Ia menjelaskan bahwa pengaturan perdagangan internasional yang semakin dikendalikan oleh negara-negara besar telah menciptakan ketimpangan akses logistik, teknologi, dan distribusi. Dalam konteks itu, Indonesia disebut belum memiliki daya tawar cukup kuat. Dr. Noorsy menilai bahwa dominasi korporasi multinasional terhadap rantai suplai global semakin mempersempit ruang negara dalam menetapkan kebijakan ekonomi mandiri.

“Jika negara tidak berdaulat dalam perdagangan, maka kedaulatan di sektor lain akan ikut tergerus,” ujarnya.

Selain persoalan perdagangan, ia menyoroti pelemahan struktural ekonomi nasional yang semakin terlihat dalam tiga dekade terakhir. Deindustrialisasi dini, keterbatasan kemampuan teknologi, serta ketergantungan terhadap investasi asing menjadi kombinasi yang menurutnya berbahaya.

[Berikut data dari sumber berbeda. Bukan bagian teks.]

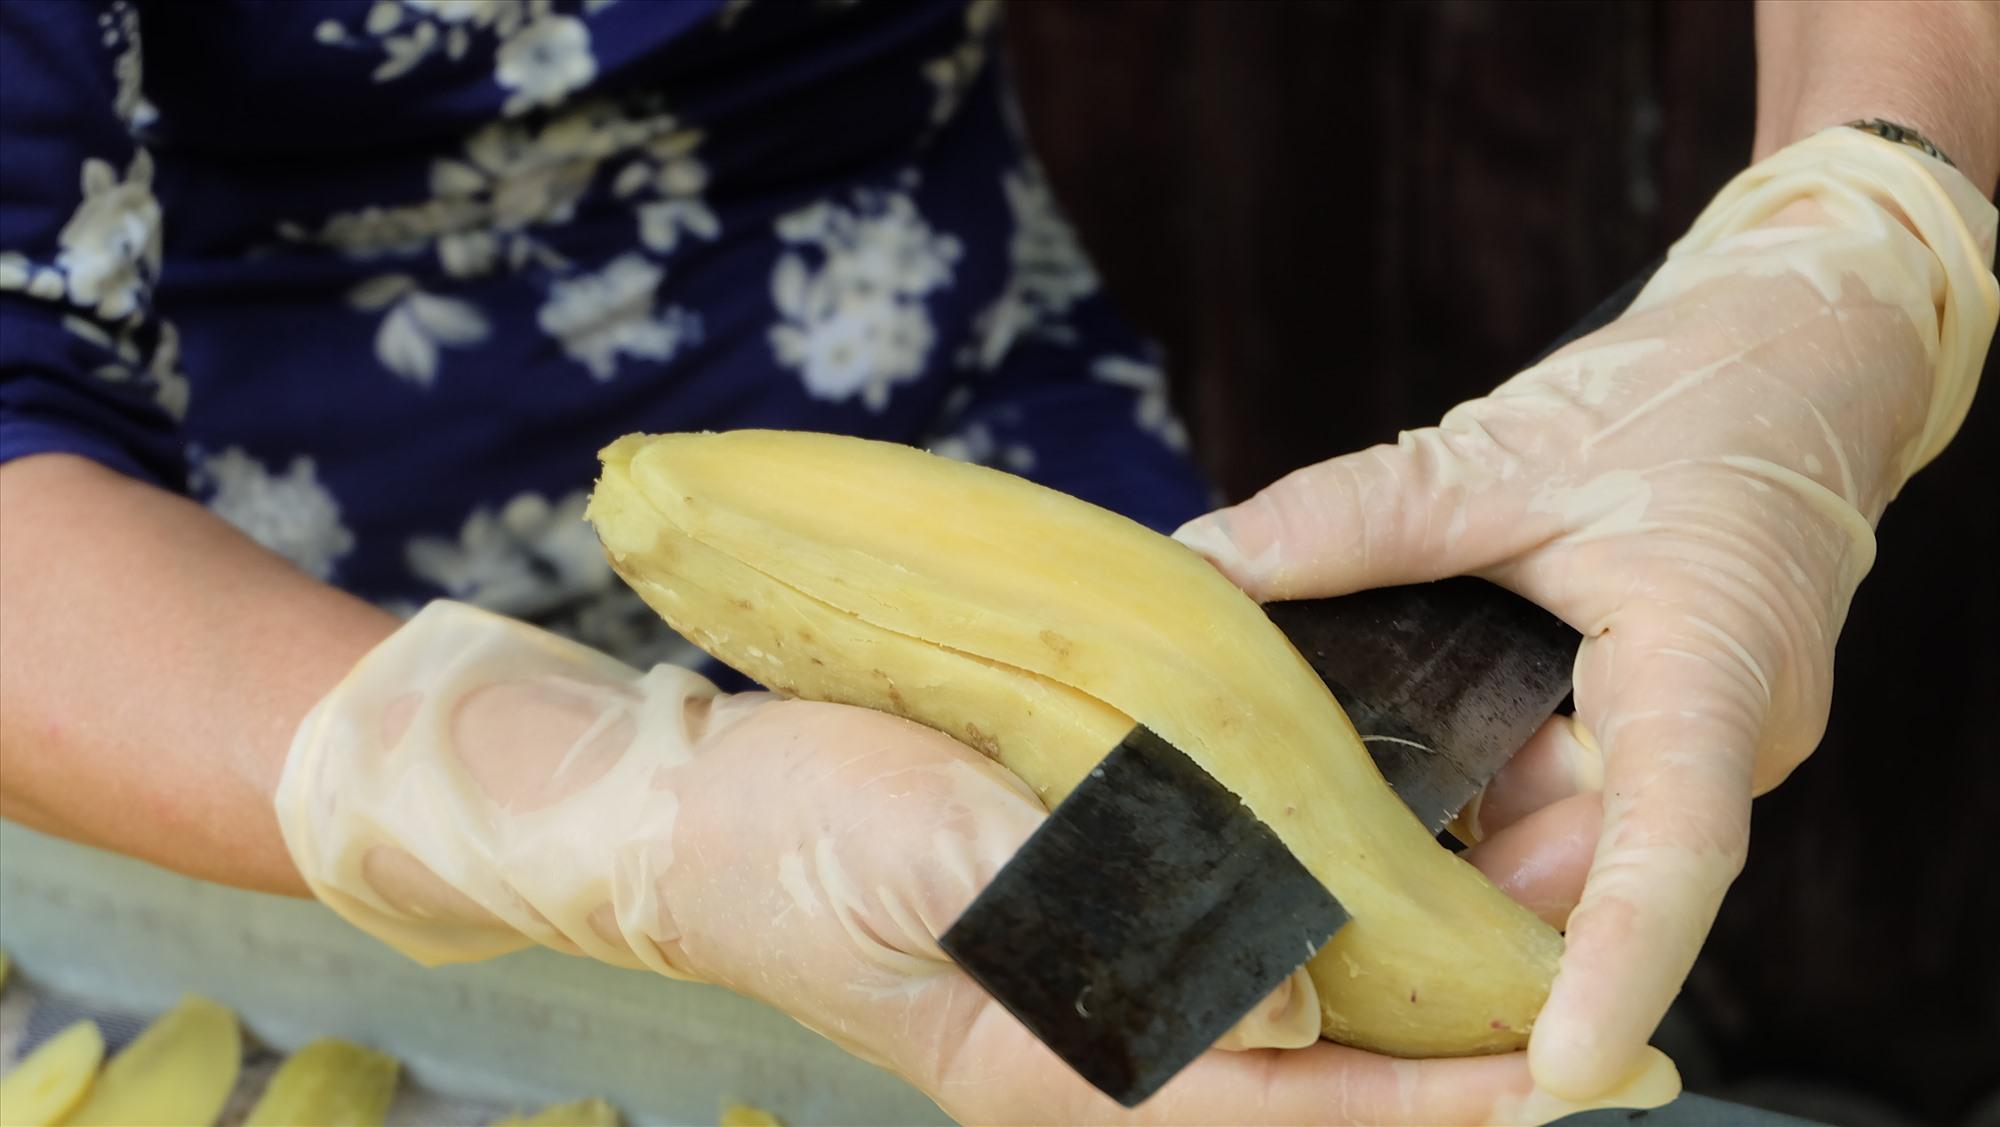 Để có được lát khoai đẹp, người chẻ phải rất tỉ mĩ, đưa dao nhẹ nhàng, uốn theo hình dáng củ khoai. Ảnh: M.L

Ia menegaskan bahwa pembangunan yang berorientasi pada sektor primer tanpa pondasi industri kuat berpotensi menjebak Indonesia dalam siklus ekonomi rendah. Kondisi ini, lanjutnya, diperparah oleh kebijakan yang tidak berpijak pada kepentingan rakyat sebagai pemilik kedaulatan.

Dr. Noorsy juga menyinggung risiko infiltrasi asing ke berbagai sektor strategis, baik melalui investasi, digitalisasi layanan publik, maupun penetrasi intelijen yang berjalan seiring dengan proyek-proyek ekonomi global. Ia memperingatkan bahwa berkembangnya special port yang dimiliki negara tertentu bisa menjadi pintu masuk kontrol baru terhadap arus barang, data, hingga pengaruh geopolitik.